東宝は自社の手がける映画館「Toho シネマズ」を展開しています。「Toho シネマズ」は基本的に綺麗で落ちつた雰囲気で鑑賞ができると、映画ファンの間でも好評です。スクリーンやシートにこだわりがあったり、音響施設や調度品にも配慮があるなど、高いレベルで映画鑑賞できるような取り組みがなされた結果でしょう。
総括
日本を代表するような作品を多く手がけてきた東宝は、名実ともに映画業界ではトップに君臨していると言えます。歴史的に見ても日本の映画を語る上では欠かせないような、ジブリ作品・黒沢作品・ゴジラシリーズなどの大ヒット作を手がけてきており、その業績は揺るぎないでしょう。現在でも関係各社とのコネクションがあり、信頼度が高いので、予算をかけた作品や自信のある作品は東宝が配給を担うケースが多くなっています。そして結果的に、そのような作品が成功するわけですから、東宝からするとまったくもって好循環と言えるでしょう。
従業員からしても人気作品に携わるケースもありますし、上記のような背景があるので売り込みや取引交渉では、有利に立ちやすいと言われます。そして、視聴者の方も名作を見ると、クレジットには東宝が見当たりますので、作品の評価=東宝への評価に繋がります。このようなロジックから、東宝の口コミ評価は概ね高いです。

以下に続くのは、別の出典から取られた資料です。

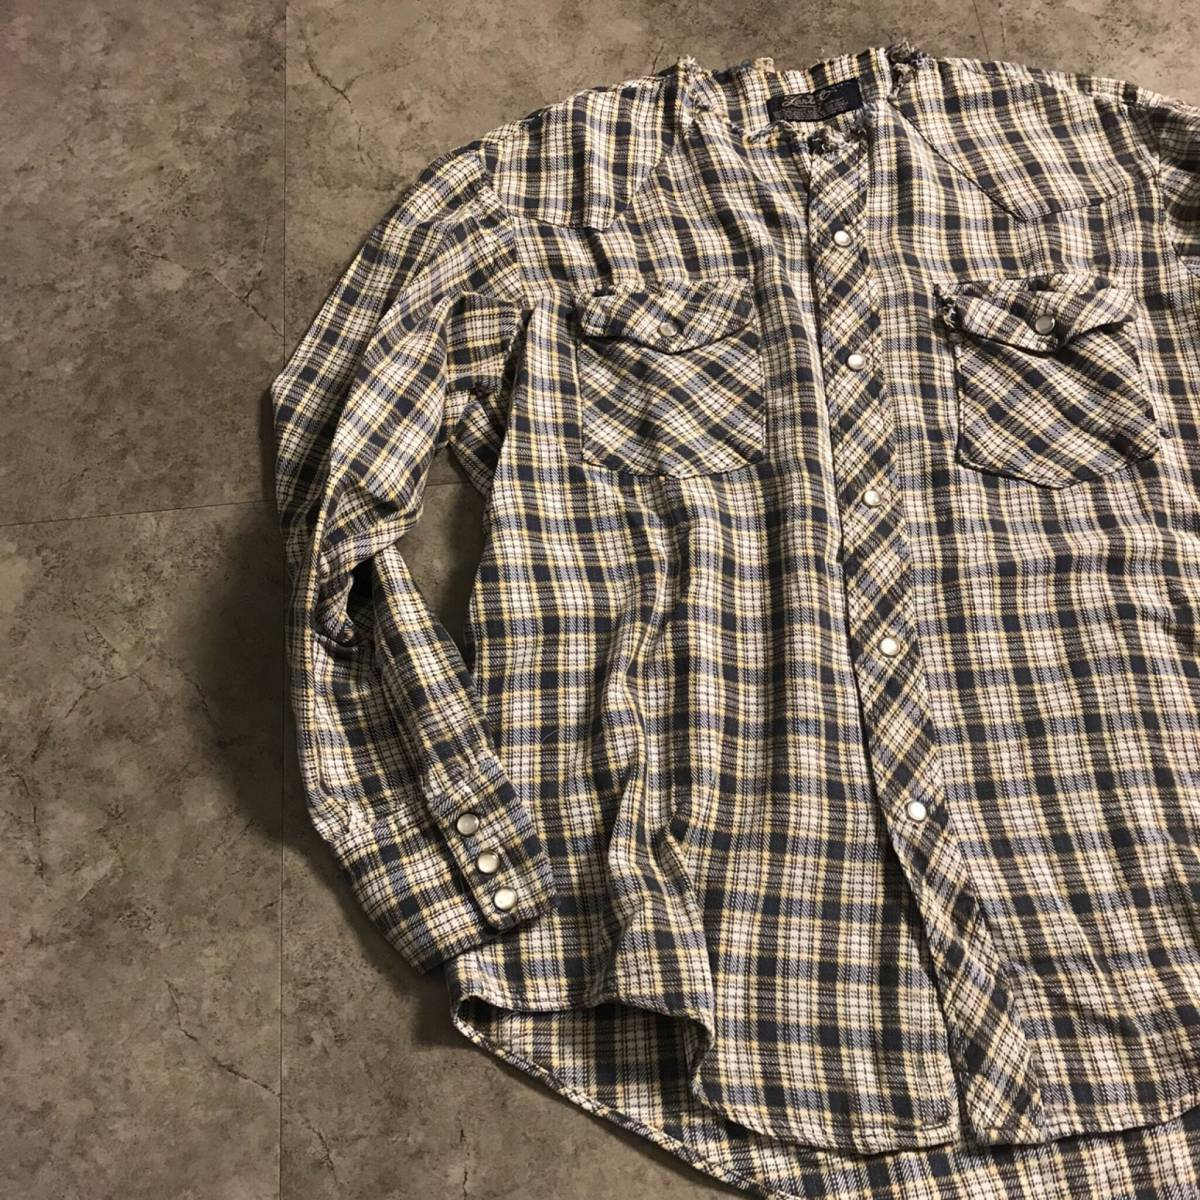 ★KT3595 スタイリスト厳選 人気のノーカラーシャツ ヴィンテージ Lantal 長袖 襟なし リメイク ウエスタンシャツ チェックシャツ M★_画像1

つまり、東宝の評判は、設立当初から現在に至るまで、高い信頼度を築いていると言えます。事業内容は時代と共に変化して映画の製作部門を縮減したりもしましたが、「朗らかに、清く正しく美しく」という経営方針は創業者である小林一三氏の掲げた原点からブレず、貫き通しています。このような初志貫徹の精神が、東宝が支持を集める基盤にあるのかもしれません。